[[ Dataset section open ]]

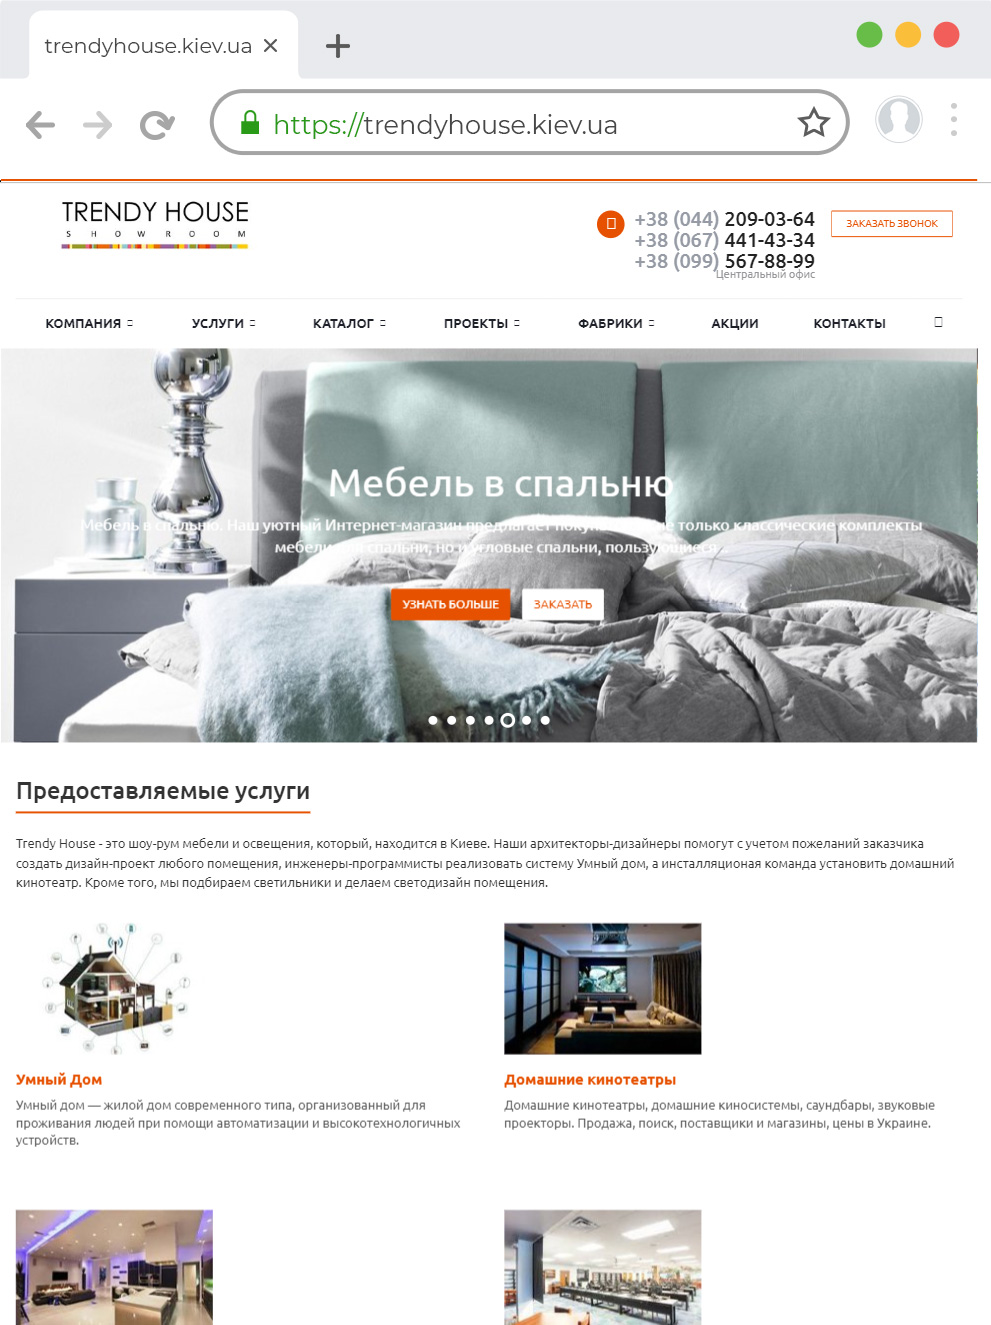 Разработка интернет магазина на Битрксе Trendy House
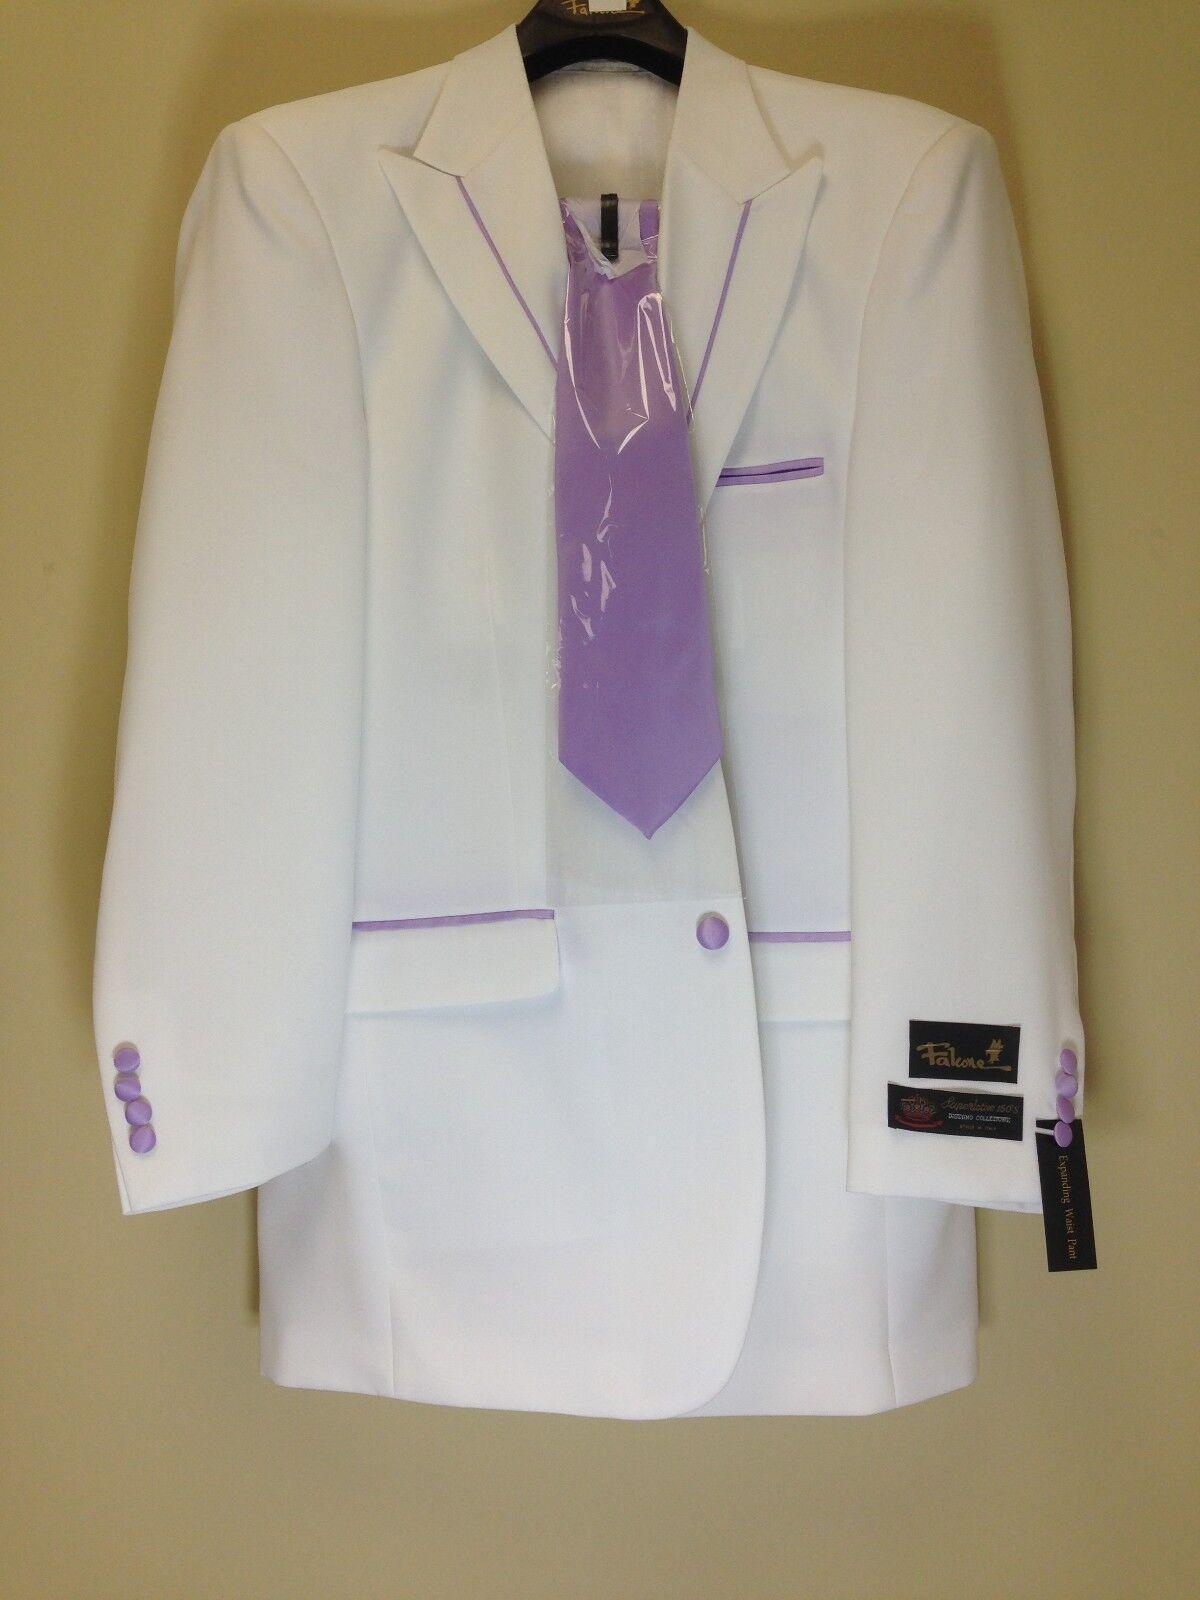 BNWT Falcone 48L Weiß Lavender Tuxedo Fashion Exotic Harvey Suit 4PC Solid Pant
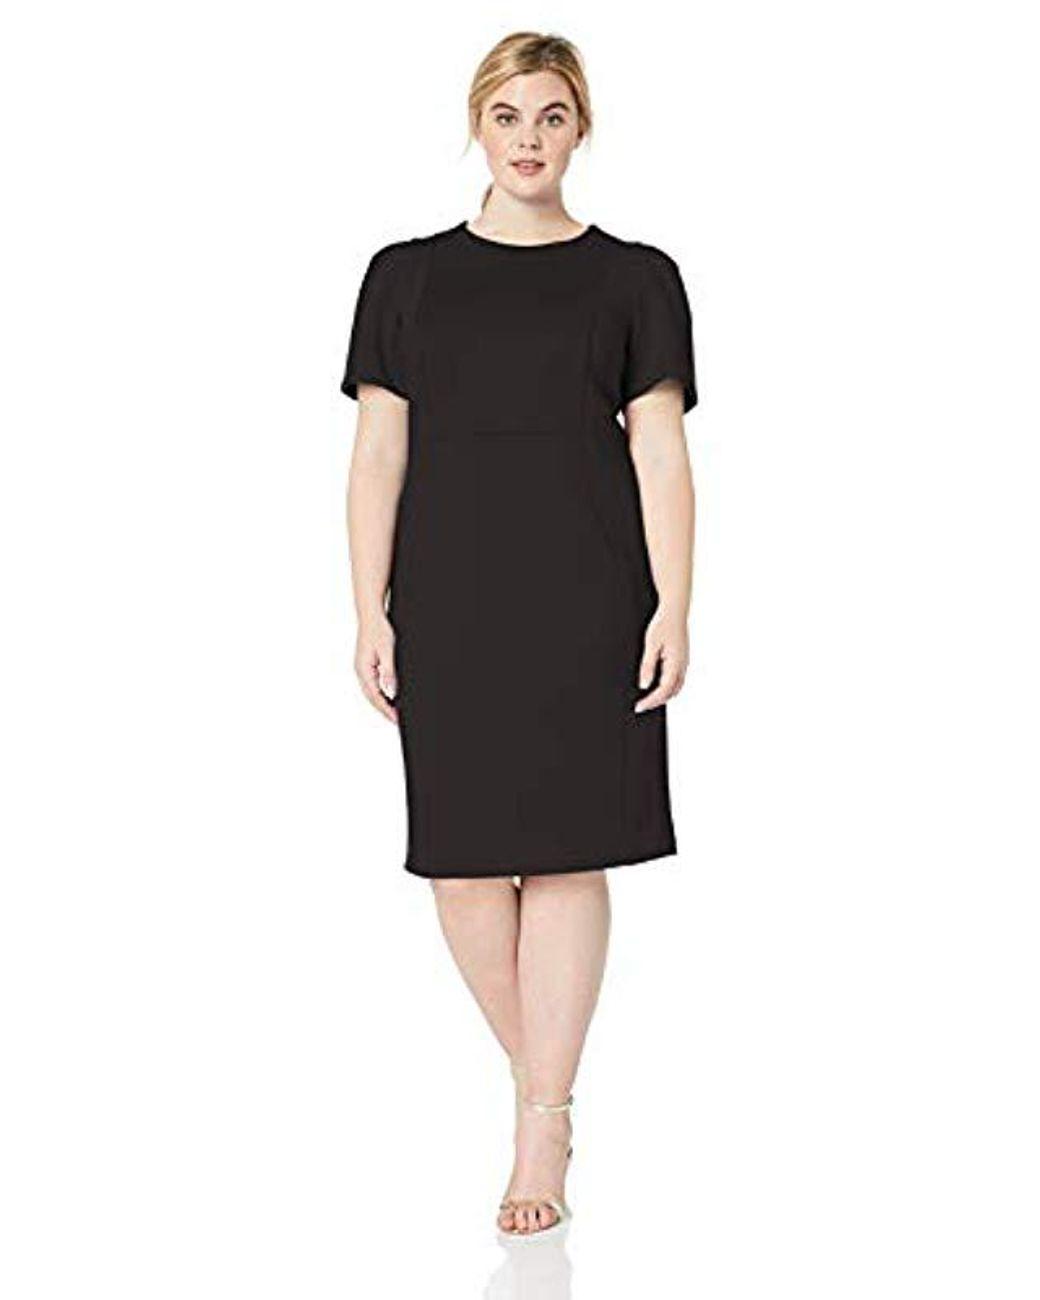 Women\'s Black Plus Size Short Sleeved Sheath With Princess Seams Dress
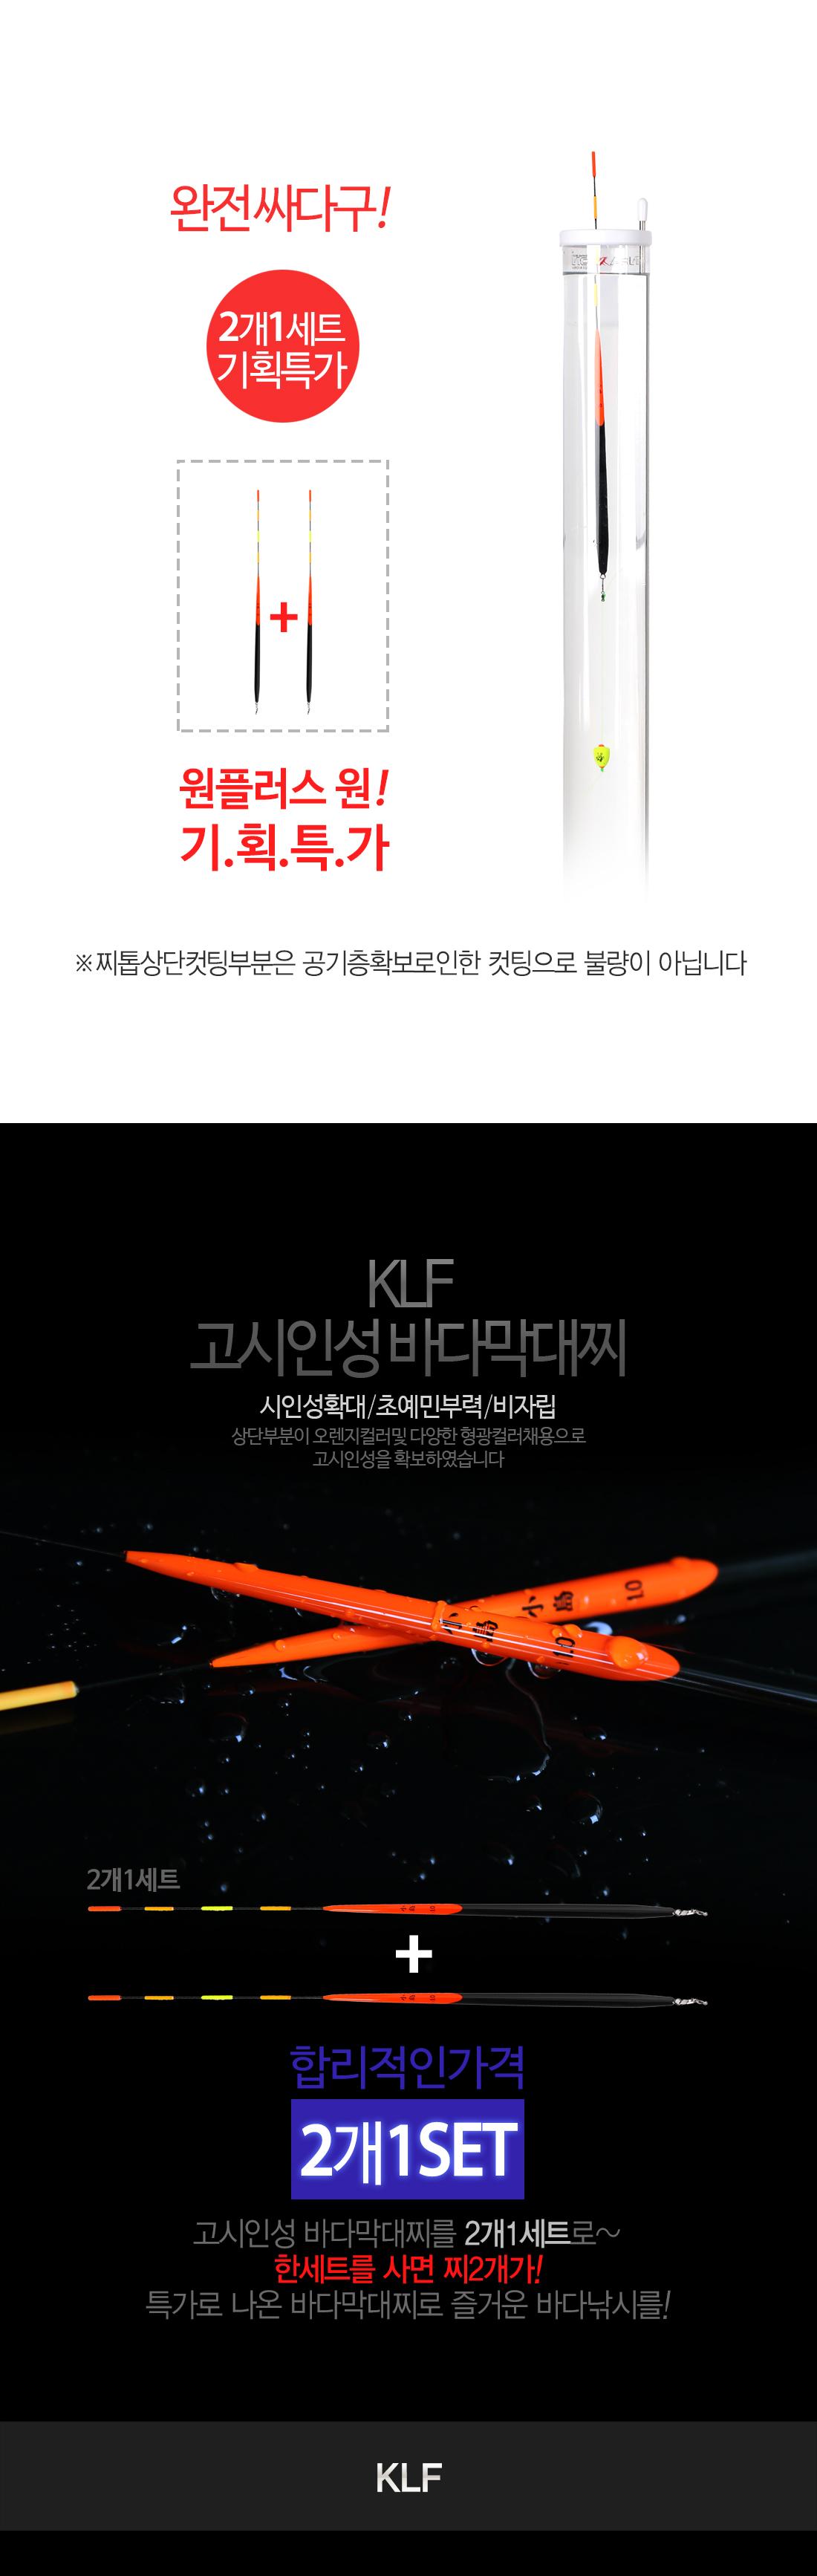 KLF 고시인성 바다막대찌 [1+1 기획특가] [비자립] 바다막대찌 비자립막대찌 발포찌톱막대찌 비자립

[[ Dataset section closed ]]

Work request ▸
I would like you to set down the lines above, from the one containing "Women\'s Black Plus" to the final line, exactly as written and without pictures.

Problem solution ▸
 Women\'s Black Plus Size Short Sleeved Sheath With Princess Seams Dress
 KLF 고시인성 바다막대찌 [1+1 기획특가] [비자립] 바다막대찌 비자립막대찌 발포찌톱막대찌 비자립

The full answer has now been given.